How the score works
Most dividend ratings are black boxes. You get a grade, you don't get the recipe. This page is the recipe. Anyone can check it, copy it, or argue with it, and the track record is public too.
The short version
For any stock, we measure 12 things: how much of the company's cash and profit the dividend eats, how much debt sits on top of it, how steady the business is, how the market is pricing it, and the company's own dividend track record. Each factor is compared against 18 years of history of what real dividend cutters looked like before they cut. Each one gets a mark from 0 to 100, the marks are averaged with the weights below, and the result is your score. Higher is safer.
The 12 factors and how much they count
The little chart next to each factor shows how the mark changes as the factor gets worse or better. These curves were learned from history, not set by hand.
No cheating with hindsight
- Companies report their quarterly numbers weeks after the quarter ends. The model respects that: it only ever uses numbers that were actually public on the date of the score.

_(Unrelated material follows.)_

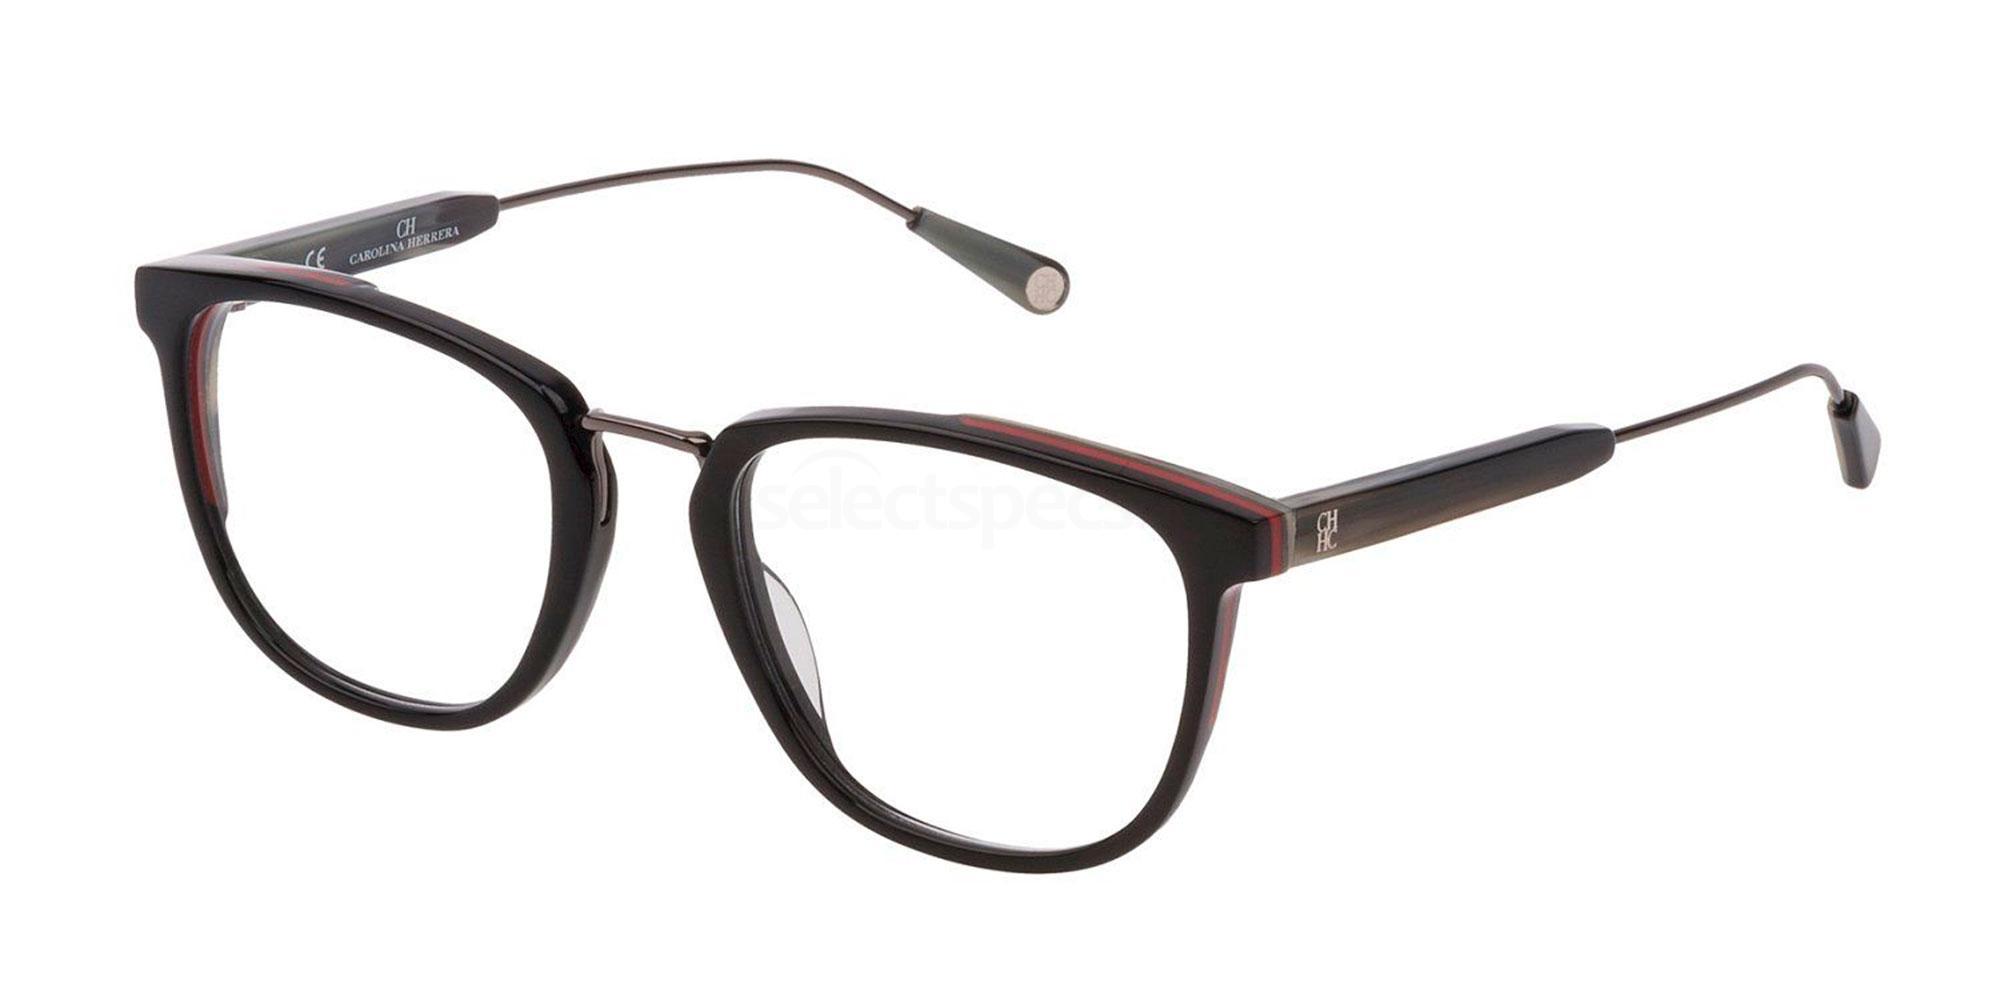 09H7 VHE812 Glasses, CH Carolina Herrera

- If a company has less than two years of usable history, we say "unscorable" instead of guessing.
- Stock splits and one-off special dividends are cleaned out first, so the model sees the real payout trend, not accounting noise.
Banks and REITs are judged differently
Some ratios simply don't describe some businesses. Cash flow numbers mean little for a bank, and REITs look terrible on standard payout ratios by design. The model skips those factors for those companies and lets the rest count more. You'll see them marked "n/a" on the score page.
A detail we like
Nobody told the model that a frozen dividend is a warning sign. It found that on its own: in the history, companies that stopped raising their dividend were far more likely to cut it soon after. Companies freeze before they cut.
What the ratings mean
| Score | Rating | How often stocks like this cut within a year |
|---|---|---|
| 80-100 | Very Safe | Almost never. Zero cuts in our 2020 to 2025 test |
| 60-80 | Safe | Rare, roughly 1 in 100 |
| 40-60 | Borderline | Roughly 1 in 10. Keep an eye on it |
| 20-40 | Unsafe | Roughly 1 in 4 |
| 0-20 | Very Unsafe | More than 1 in 3 |
The line between Borderline and Safe was drawn so that 95% of the dividend cuts in our history happened below it.
What it can't do
No score sees the future. When COVID shut the economy overnight, some rock-solid companies suspended dividends that looked perfectly safe weeks earlier, and the model missed those like everyone else did. A company that collapses very fast between weekly updates can also slip through. And the score says nothing about whether a stock is cheap or expensive. It answers one question only: how likely is the dividend to survive the next 12 months. The full track record, including every miss, is on the performance page.
For the technical reader
The factor curves are isotonic fits on quantile bins of roughly 17,000 point-in-time observations from 2008 to 2019, weights come from logistic regression blended with priors, and everything was frozen before any post-2019 data was scored. The calibration files and reference implementation ship with the project, so the whole thing can be reproduced end to end.